I mentioned recently that choosing DNS blocklists isn't necessarily a one-time thing that you set and forget. I always knew this in a vague and general way, but I had mostly ignored it until recently. More specifically, until I was writing that entry and wound up looking at the CBL front page, which had a March 24th announcement of news about the PSKY DNS blocklist. To wit, that PSKY had apparently been 'borrowing' Spamhaus data without authorization, that this has been stopped, and that it wasn't clear if they listed anything much any more. We've never deployed PSKY on our main mail server, but I had deployed it on my personal sinkhole spamtrap and it had been having a pretty good hit ratio. 'Had' being the operative word, because starting around the appropriate time I'd not really logged any hits against it.

All of this sent me reading through the rest of the 'Other DNSBLs' portion of the CBL's FAQ. Some of their current opinions match mine (such as Barracuda's public DNSBL being quite aggressive), but others were a surprise to me. Most prominently, the CBL people feel that the current Spamcop BL is now sufficiently safe to use as a general DNS blocklist, where my past experience with it (from several years ago) was that it was too hair-trigger.
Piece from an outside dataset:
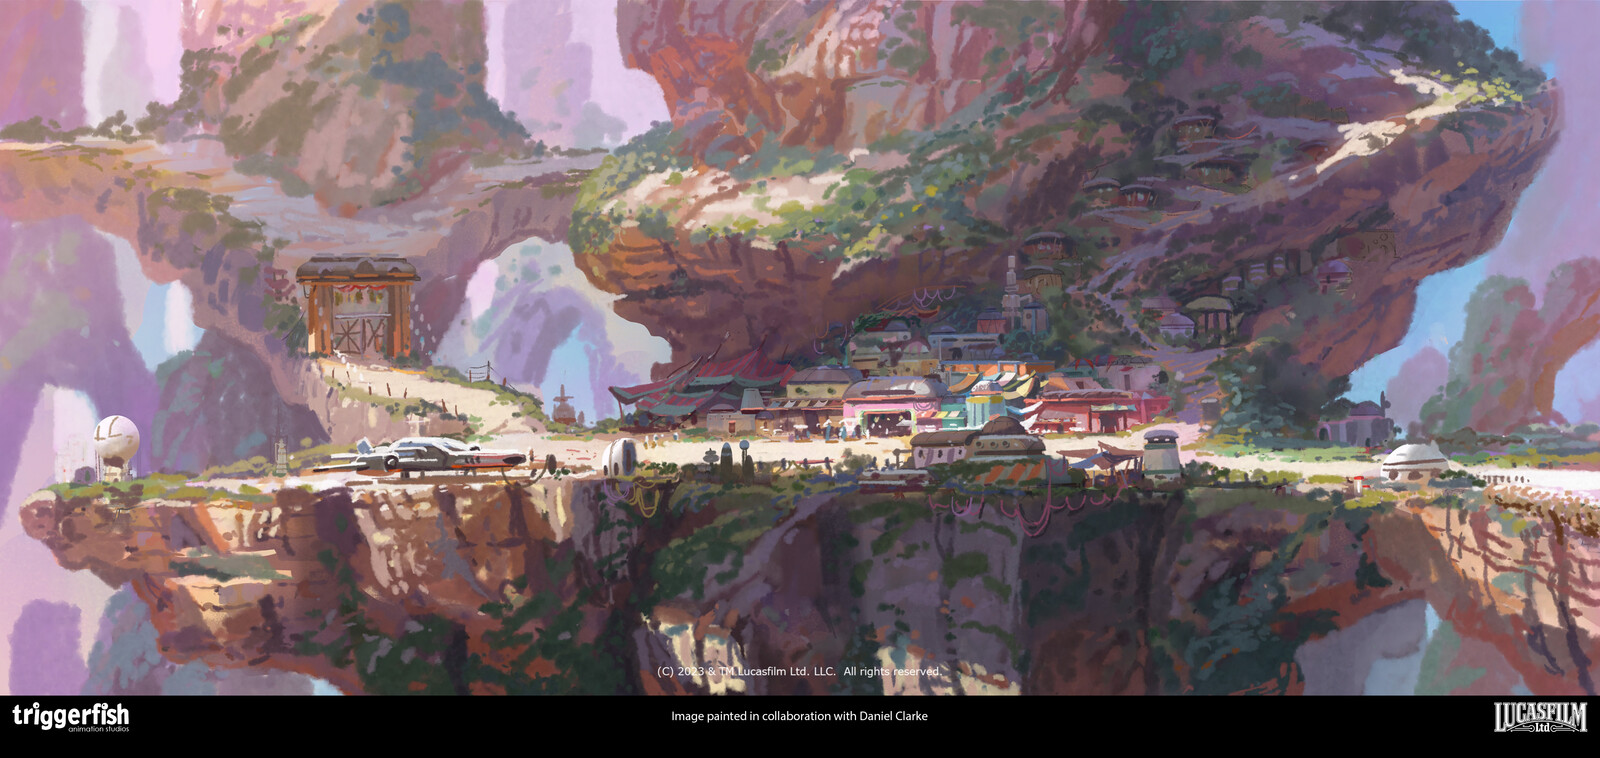 Star Wars Vision 2. "Aau's Song"  Environment Concept art

The rest of the FAQ is interesting in its own way, mostly in that it seems to confirm that there aren't really very many effective DNSBLs any more. Or at least not very many that the CBL feels that they need to talk about.

All we use in our spam filtering is Spamhaus, and I don't think there's much chance that we'll change that. The Spamhaus ZEN is as close as we can get to a high trust, fire and forget DNS blocklist, and even then our users have to opt in to it. But it doesn't hurt to keep an eye on the DNS blocklist landscape every so often (even if there seems to be less landscape than there used to be).

(That diminishing landscape is one reason I'm saddened by the news about PSKY's blocklist. When I first heard of them, they were the first new and effective DNSBL for some time, and frankly we can always do with more good spam-blocking.)